# Windows XP Home ULCPC?



## Widjaja (Jan 18, 2011)

Is there any place you can get the iso?
I am working on an HP mini which I resurrected from the dead but it seems the product key does not get validated in WGA with standard XP home oems.

WGA starts, and tries to install but the only screen which comes up is the one with th3e green circle before gong to a white screen saying done but WGA does not validate windows to get the XP updates.

I think it's because I need the ULCPC XP home which I do not have.

I do not have the original HDD as the customer took it away so I do not have a recovery partition I could reinstall off.


----------



## Bo$$ (Jan 18, 2011)

no, hp minis run stock XP home, http://www.mydigitallife.info/2010/...arked-as-not-genuine-by-wga-validation-error/

this error has happened so many times for me


----------



## Solaris17 (Jan 18, 2011)

hmmm I havent seen any of these floating around. Nor have I seen them in the screenshots of technet accounts. Maybe you can call microsoft they will explain the sitch. you read them the product key and they give you a DL link?


----------



## Widjaja (Jan 18, 2011)

I thought it would use a standard XP home even though it says ULCPC at the end.

Ok I'll give the steps in the link a shot.
It just didn't makes sense at all.
I used the HP XP Home OEM I have at work and it activates the product key but WGA comes along and messes the valdation up stopping me from accessing windows updates.
I don't think the WGA validation tool even installs when I am asked to install the WGA validation tool prior to accessing windows XP updates.

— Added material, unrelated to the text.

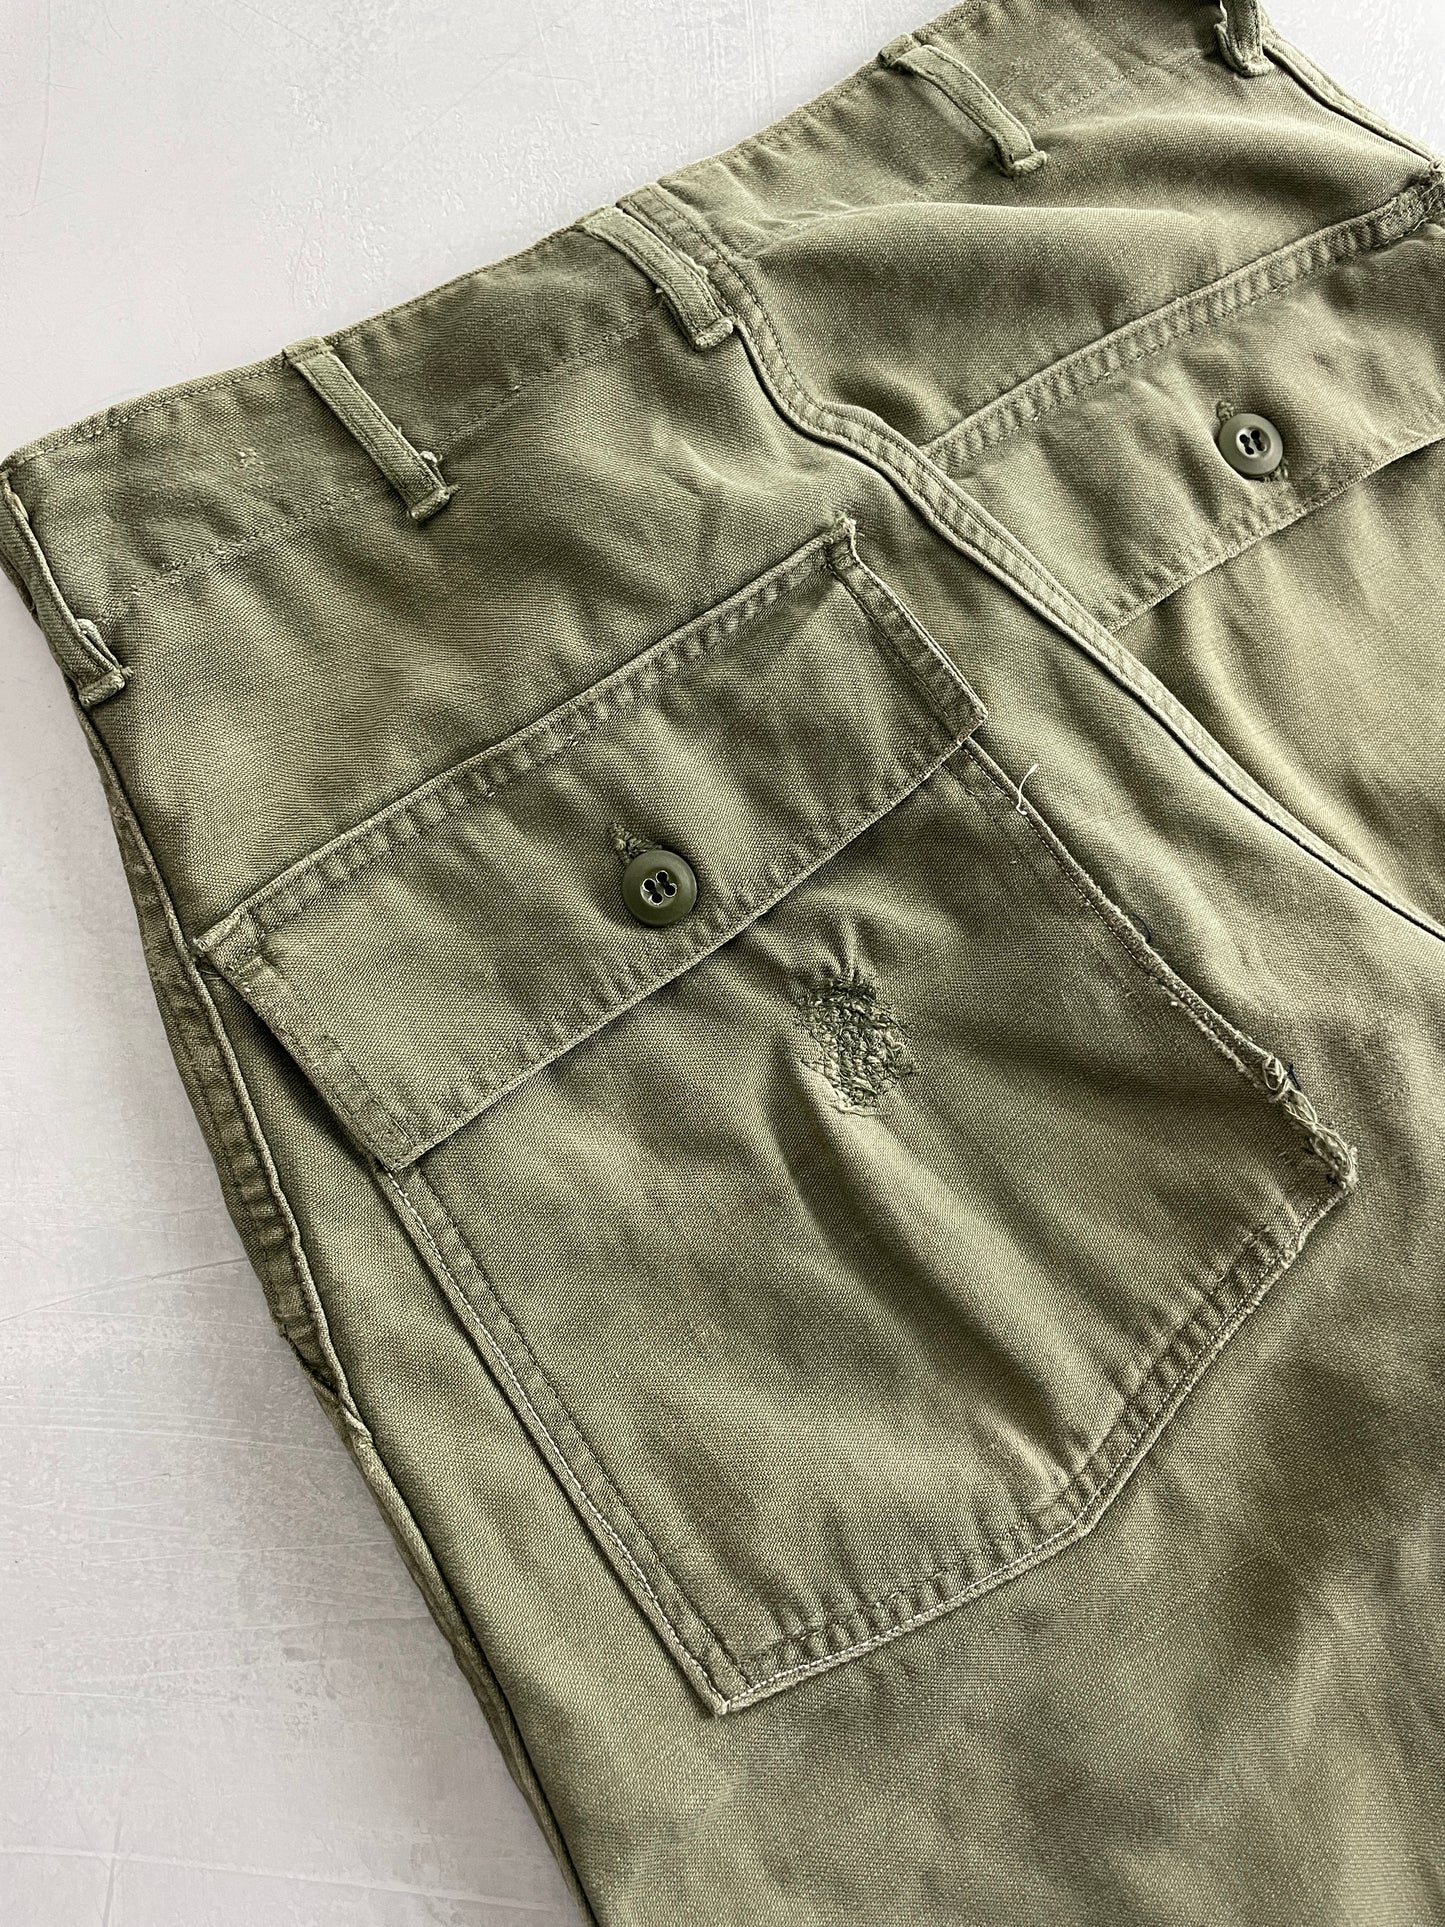 OG-107 US Army Pants [28"]

I think that's where things go wrong.

Will post back with the results tomorrow when I am back at work.



Solaris17 said:


> hmmm I havent seen any of these floating around. Nor have I seen them in the screenshots of technet accounts. Maybe you can call microsoft they will explain the sitch. you read them the product key and they give you a DL link?



I have a habit of trying to avoid talking to MS support due to the Indian accents.
Puts me off more each time I have to do a CE assist with the HP support desk -_-"


----------



## Bo$$ (Jan 18, 2011)

sure PM me if you need more help


----------



## Widjaja (Jan 19, 2011)

Solved.
Silly mistake.
Clock sync error.
Was in the wrong month.

So if you are trying to validate windows, get to the green circle trying to validate, then get a white screen in the browser, the chances are your time and date are incorrect.

Using the MGAdiag.exe and clicking on resolve now did not work.
I had to manually configure the time an date to resolve the issue.
Once I had changed the time and date, clicking on custom in windows update, WGA screen did not show up this time round and allowed me to carry on with updating windows.


----------